Gotcha, thanks for clarifying.

This edge case only happens when this situation occurs:
A socket is bound to INADDR_ANY on a specified port -> socket makes a
connect() call -> we run into one of these scenarios: the error case
in dccp/tcp_v4/6_connect() or error case in __inet_stream_connect() or
call to inet_shutdown()) -> in handling that error case, we remove
socket from bhash2's new address/port table, and try to add it to the
bhash2's INADDR_ANY/port table -> there is a "not enough memory" error
in the case where the INADDR_ANY/port table got previously freed and
we try to re-allocate it with kmem_cache_alloc()

I think the best solution is to unbind the socket if this situation
happens, because

1) The socket will have to be unbinded in other error cases.

After looking at the code some more, I believe there's an existing bug
when resetting the socket address back to INADDR_ANY after an error
occurs (while BIND_PORTLOCK is set). The socket's address *cannot*
simply be reset back to 0 without removing it from the bhash table,
without first checking whether this leads to a bind conflict.
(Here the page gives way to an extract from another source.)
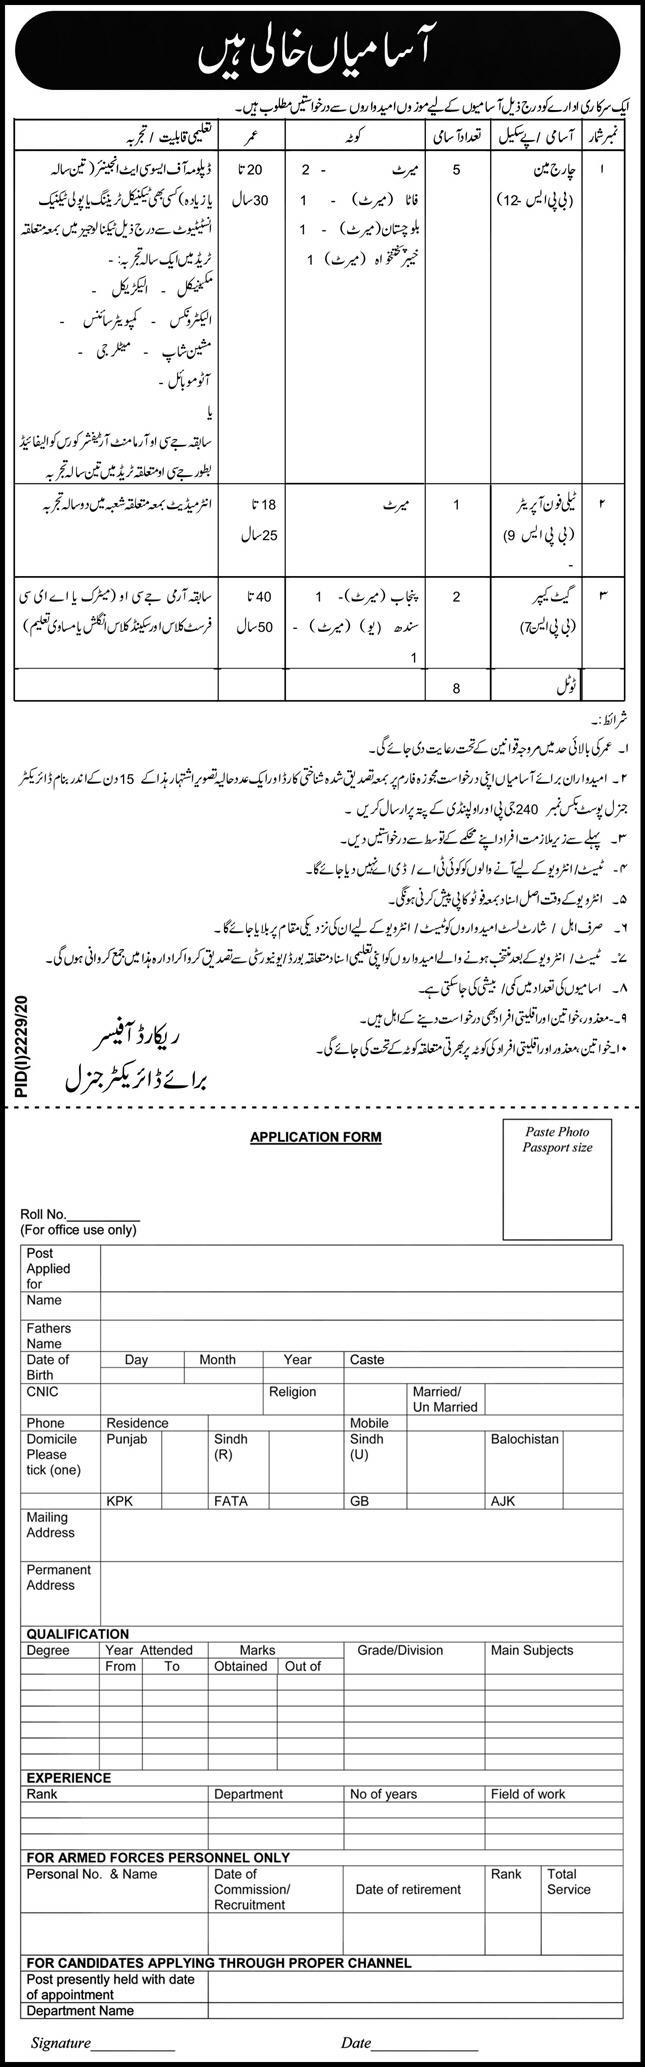 Public Sector Organization Latest November Jobs in Pakistan Jobs 2021-2022

For
example, there could be this scenario: socket 1 binds to INADDR_ANY on
port 443, there is no bind conflict (for example, no other sockets are
binded to port 443), the connect succeeds and socket1 is now assigned
address 1234 on port 443, then socket2 connects to port 443 on some
other address, there's an error that causes socket1's connection to
close and socket1's address is now reset back to INADDR_ANY. However,
socket1's address cannot be reset back to INADDR_ANY on port 443
because now there is a conflict with socket2 if socket1's address is
INADDR_ANY.

Thus, we need to check whether there would be a bind conflict before
resetting the socket's address back to INADDR_ANY. And if there is,
then we'd need to unbind socket1.

I think this fix should be in a separate patchset from any bhash2 changes.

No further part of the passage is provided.